Dividing Fences

What is a dividing fence?

A dividing fence can be of any material (brick, paling, colourbond, stonewall) or vegetation, such as a Photinia or Camellia hedge so as to create a division between properties but does not include a retaining wall unless it is required to support the fence.

The Dividing Fences Act 1991 states that when determining the standard for a sufficient dividing fence, notwithstanding the material to be used, is:
a) the current existing fence (if any);
b) the purpose or which the adjoining land is used or intended to be used;
c) the privacy or other concerns of the adjoining land owner;
d) the kind of dividing fence in the locality;
e) any policy or code relating to fencing adopted by council or any relevant environmental planning instrument relating to adjoining lands;
f) registration of covenants attaching to the land registered with the Land Titles Office.

If you want to change the fencing, the first step is to talk to your neighbour. If you have an existing fence (paling fence) and this is in need of repair, then (and if the neighbour agrees), you are equally liable for the cost of replacement. However, if you want to remove the paling fence and put in a colourbond fence, you are liable for the additional cost (i.e. cost estimate for paling fence and subtract this from the cost of the colourbond fence). Each owner is equally responsible unless a swimming pool is involved or the neighbouring land is owned by Council or the Crown. Any agreement as to fencing, should be made in writing.
An adjoining owner is liable for up to the whole cost of the fencing work required to restore a dividing fence that has been damaged or destroyed by a negligent or deliberate act of the owner or person who has entered the land with express consent of the owner. Any fence is to be restored to a reasonable standard having regard to its state before the damage or destruction.

If urgent fencing work is required and it is impracticable to serve a notice in respect of the dividing fence, an adjoining owner may carry out the urgent fencing work. The other adjoining owner is liable for half the cost (subject to conditions).

What if you don’t agree?

If you cannot agree you can:
a) go to mediation at the local Community Justice Association; or
b) you can apply to the Local Court for a Fencing Order.

A Fencing Order is an order about what fencing work should be done and how the costs should be shared. You will need to fill out an application for the court and prepare for a hearing and present your case at the hearing.

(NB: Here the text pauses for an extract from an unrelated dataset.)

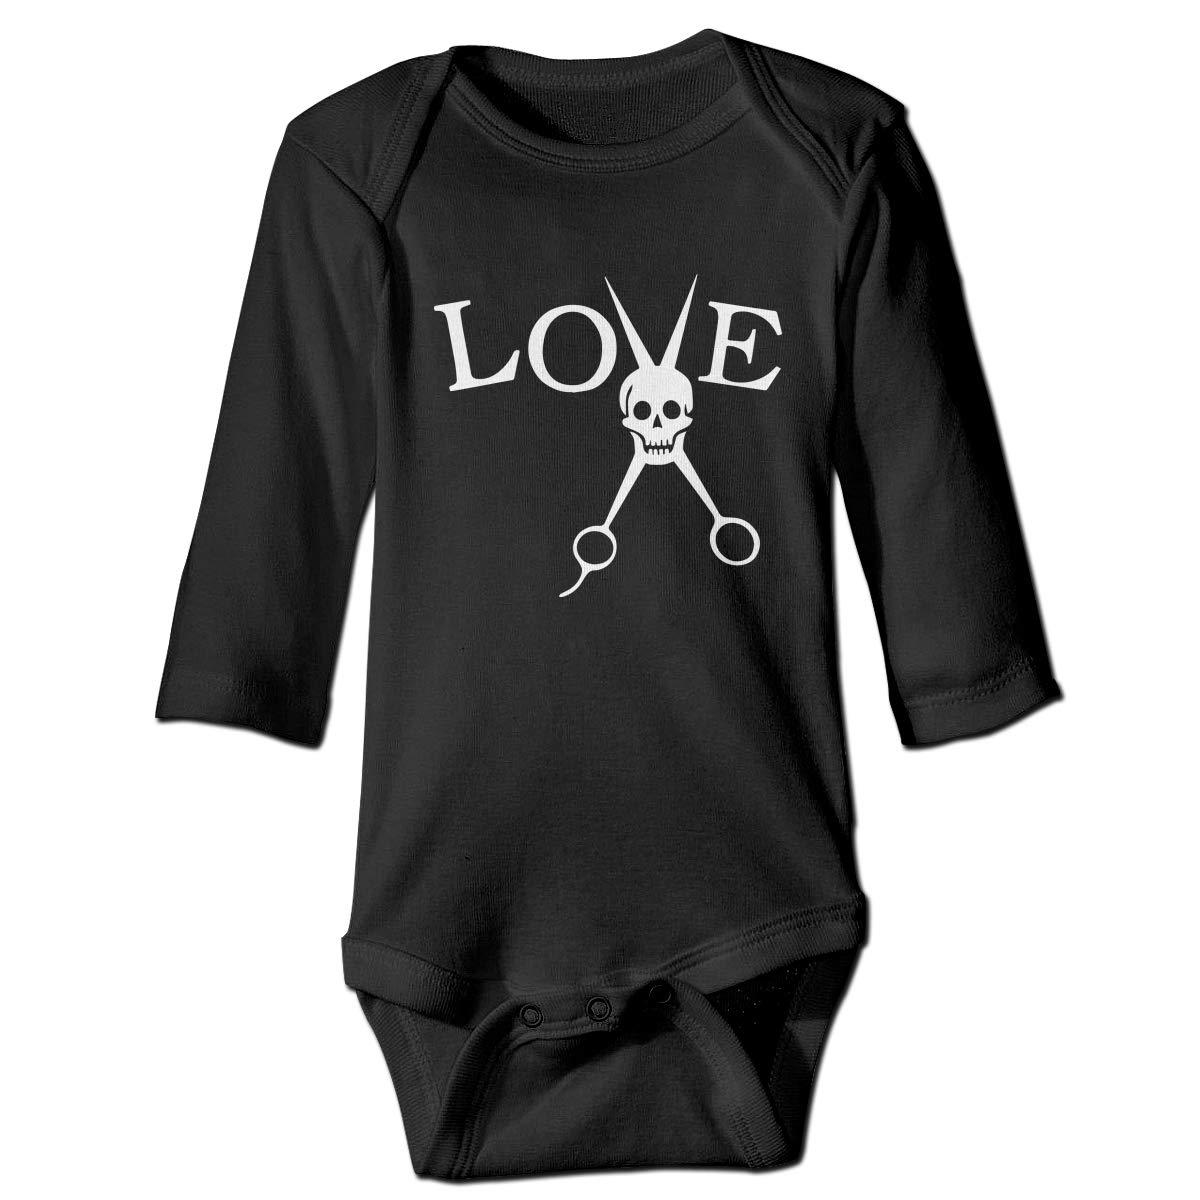 Newborn Barber Hair Stylist Love Skull Long Sleeve Climbing Clothes Playsuit Suit 6-24 Months

There may be an issue as to where the actual boundary is. If you can’t agree on where the boundary is, you can serve a “Boundary Notice” on the other party and apply to the Registrar Generals Department for a Determination of Title Boundary. There is a fee applicable to the Land Titles Office for lodgement and investigation by the surveyor of the boundary.

Going to Court Can Be Costly

Remember, a dividing fence can be a hedge. Before cutting or pruning, to avoid disputes, talk to your neighbour or obtain a landscapers written opinion before you undertake any work. If the hedge is causing damage it may not be a straight forward matter of cutting parts of it away. You can prune or cut hedging only on your side of the fence. However if it is cut or pruned in such a way as to destroy the hedge/fence, you may be liable for damages and replacement and court costs. There is no simple rule as pruning or cutting a tree. If you cannot come to an agreement you may be able to make an application under the Trees (Disputes) between Neighbours Act 2006 (NSW)). Note other legislation comes into play such as the Limitation Act 1969, Land & Environment Court Act 1979, Civil Procedures Act 2005; Uniform Civil Procedures Rules 2005; Land & Environment Court Rules 2007.